Мне кажется, и это объясняется тем, что крамольники рассчитывали на возросшее после войны 1877–1878 годов недовольство в различных классах общества, вследствие упадка курса, неудачного мира, появления чумной заразы, злоупотреблений интендантства и т. п.
Как могла бы шайка злоумышленников причинить столько зла сильному государству, если бы все классы, все сословия были довольны, насколько вообще возможно общественное довольство? Все волновалось только после каждой попытки к преступлению, как будто из одного любопытства, а потом смотрело на происходящее только с боязнью за себя, чтобы как — нибудь не быть вовлеченным в ответственность, или же сетовало, и не без причины, на стеснительные административные меры, аресты, обыски, ссылки и проч. И это недовольство было, очевидно, на руку крамольникам; общество, предоставленное чуть не самовластной администрации, наконец, не знало уже, кого ему более ненавидеть за произвол и насилие: крамолу или администрацию? А крамоле это было как нельзя более на руку.

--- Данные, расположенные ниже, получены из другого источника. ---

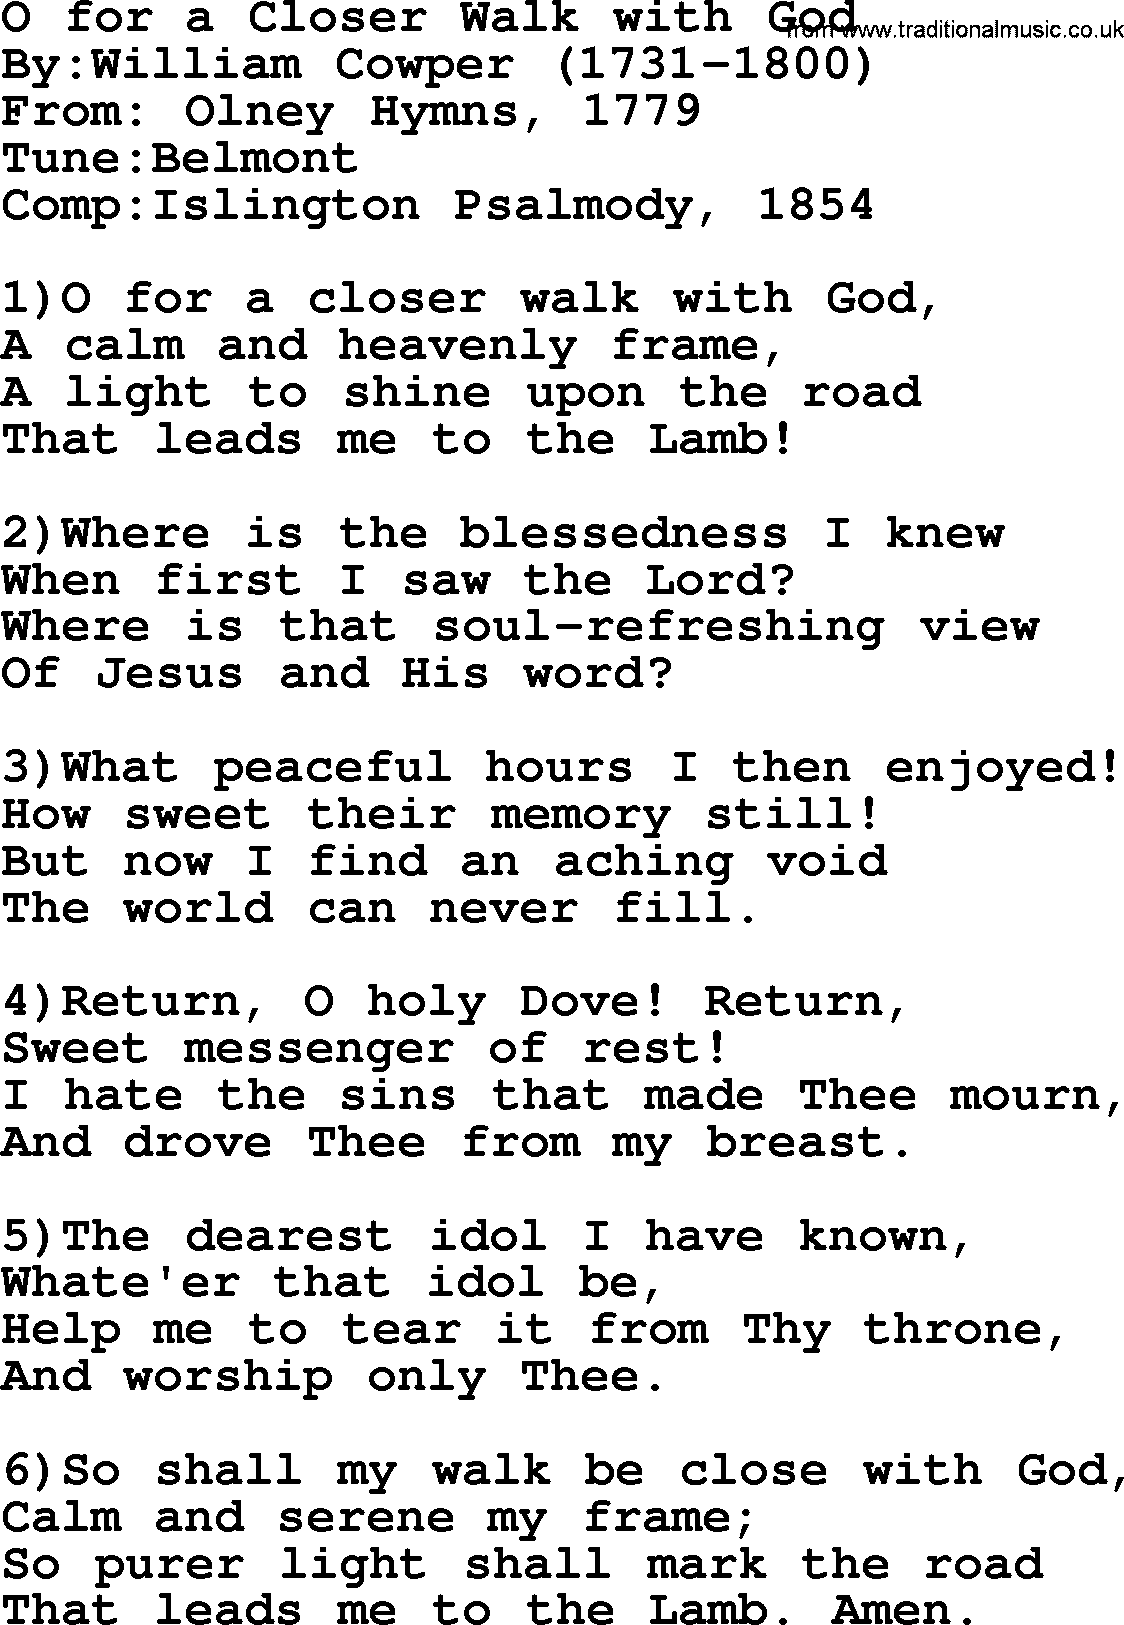 Methodist Hymn: O For A Closer Walk With God, lyrics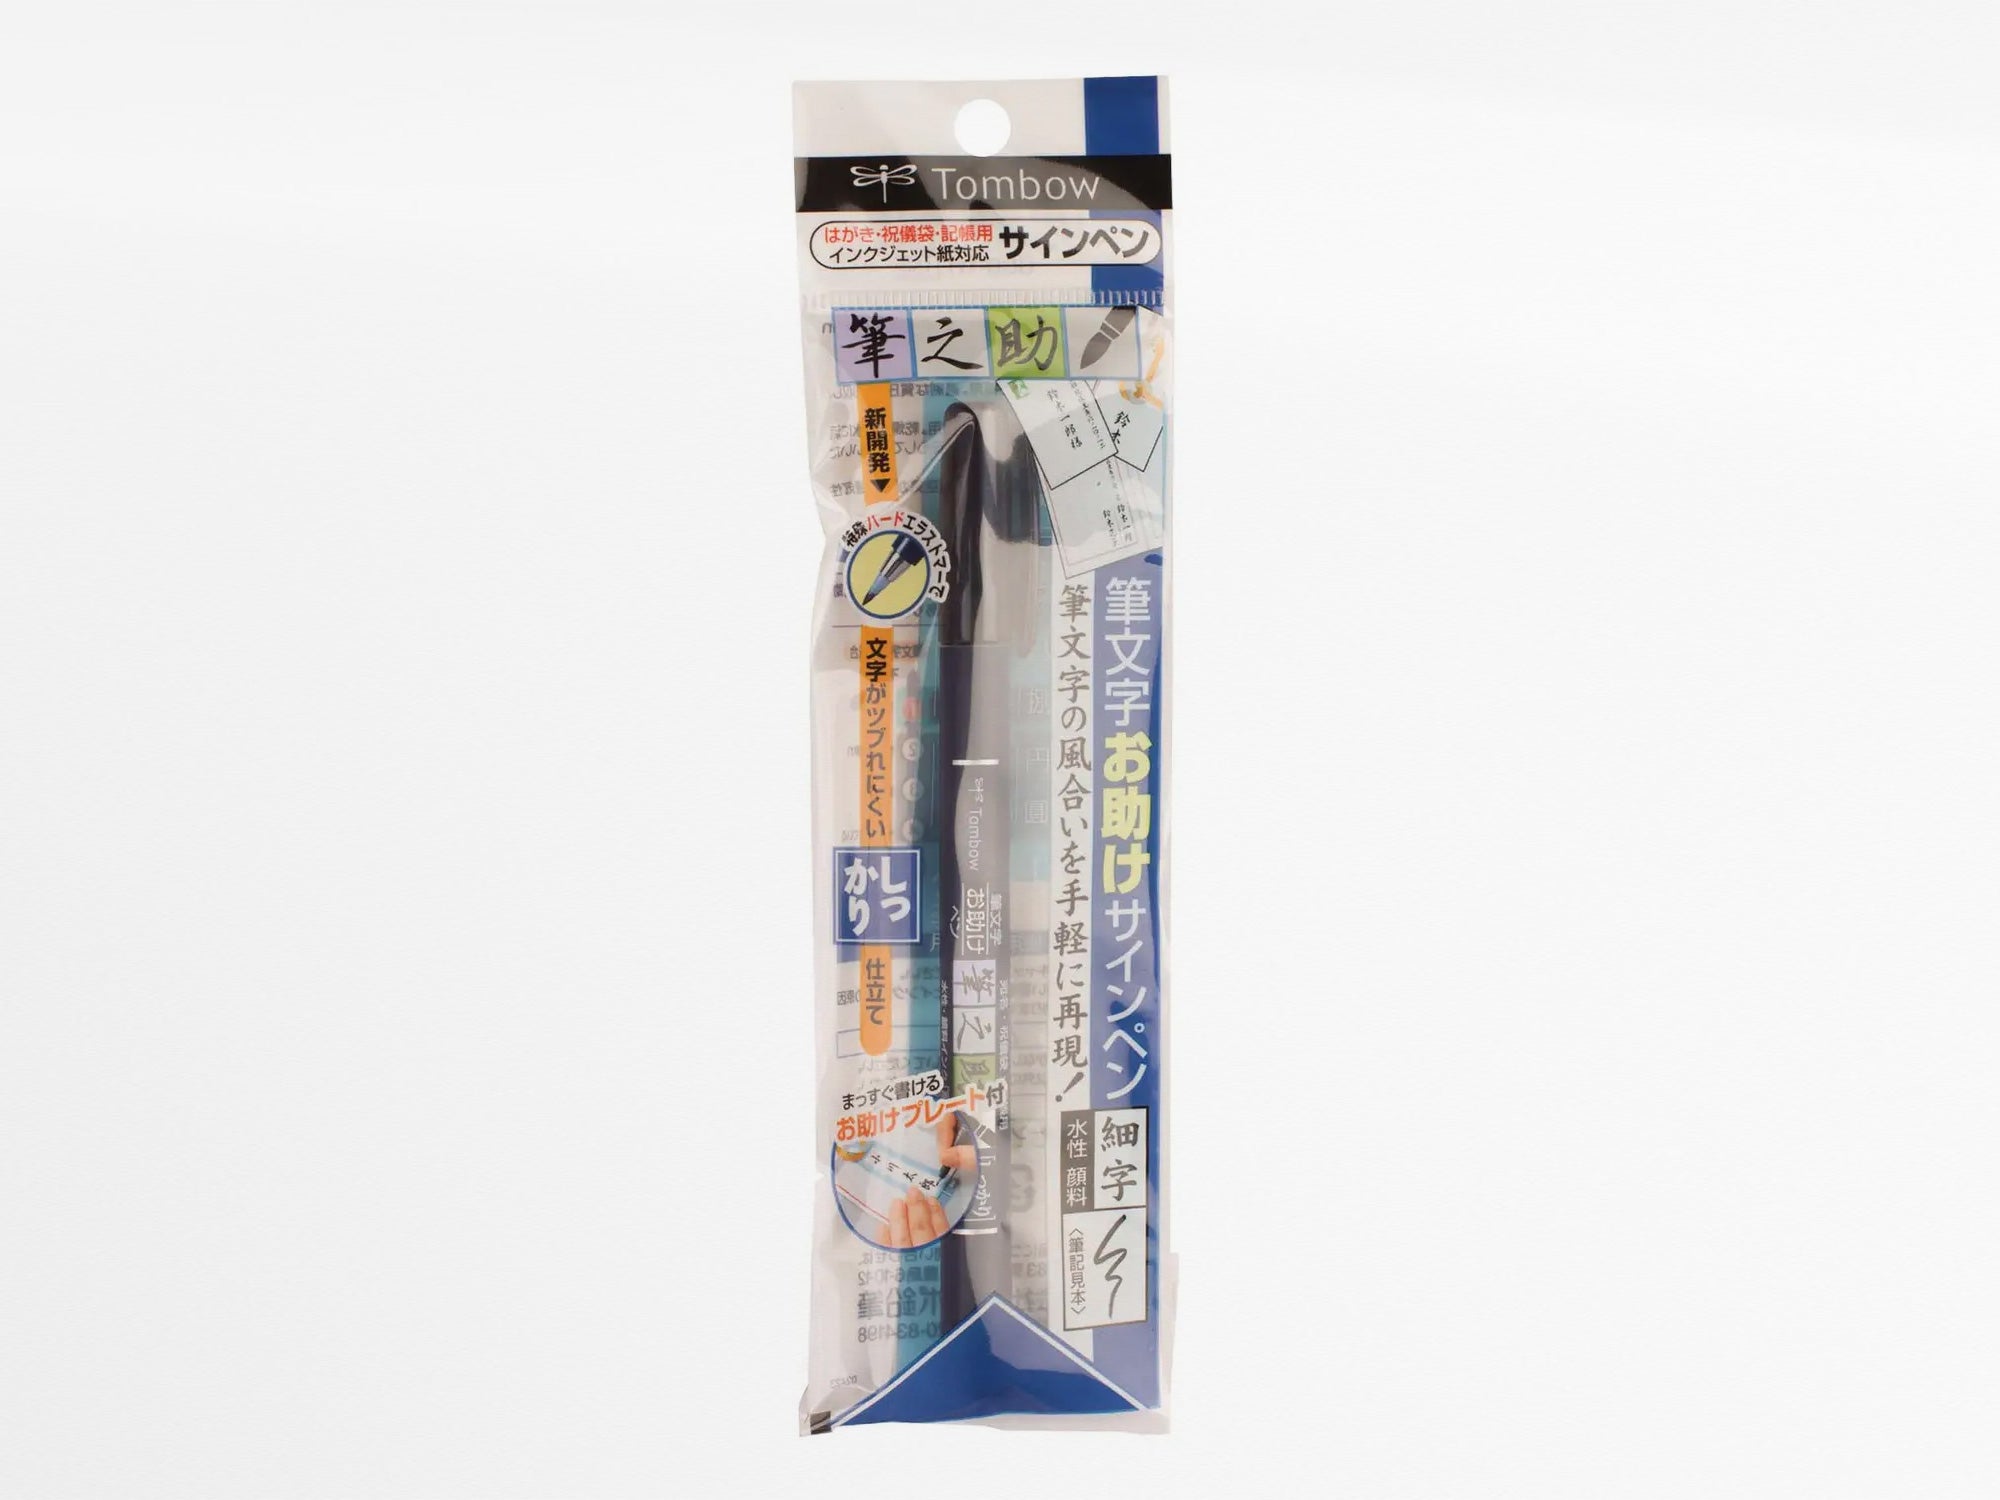 Fudenosuke Brush Pen, Hard Tip, Black, Calligraphy & Lettering

И вот, дошло до того, что гнусная и нравственно — ненавистная честному обществу крамола оказывалась нравственно же связанною с ним сетью неуловимых впечатлений.
Дело в том, что крамола, как видно из разных судебных расследований есть только последнее слово социальной утопии. А утопия эта имеет столько разных оттенков, что умереннейший из утопистов составляет незаметный переход к простым прогрессистам. С другой стороны и степень недовольства в обществе не могла быть одна и та же. Злоба и ненависть семьи, лишившейся брата, сестры, сына, дочери по распоряжению администрации, отославших их в отдаленные провинции или засадившей в тюрьму, — злоба, говорю, и ненависть той семьи к администрации могла быть так же сильна, как и затаенная злоба утописта — крамольника. Это и есть нравственная связь. Общая злоба и ненависть, хотя бы и от разных причин.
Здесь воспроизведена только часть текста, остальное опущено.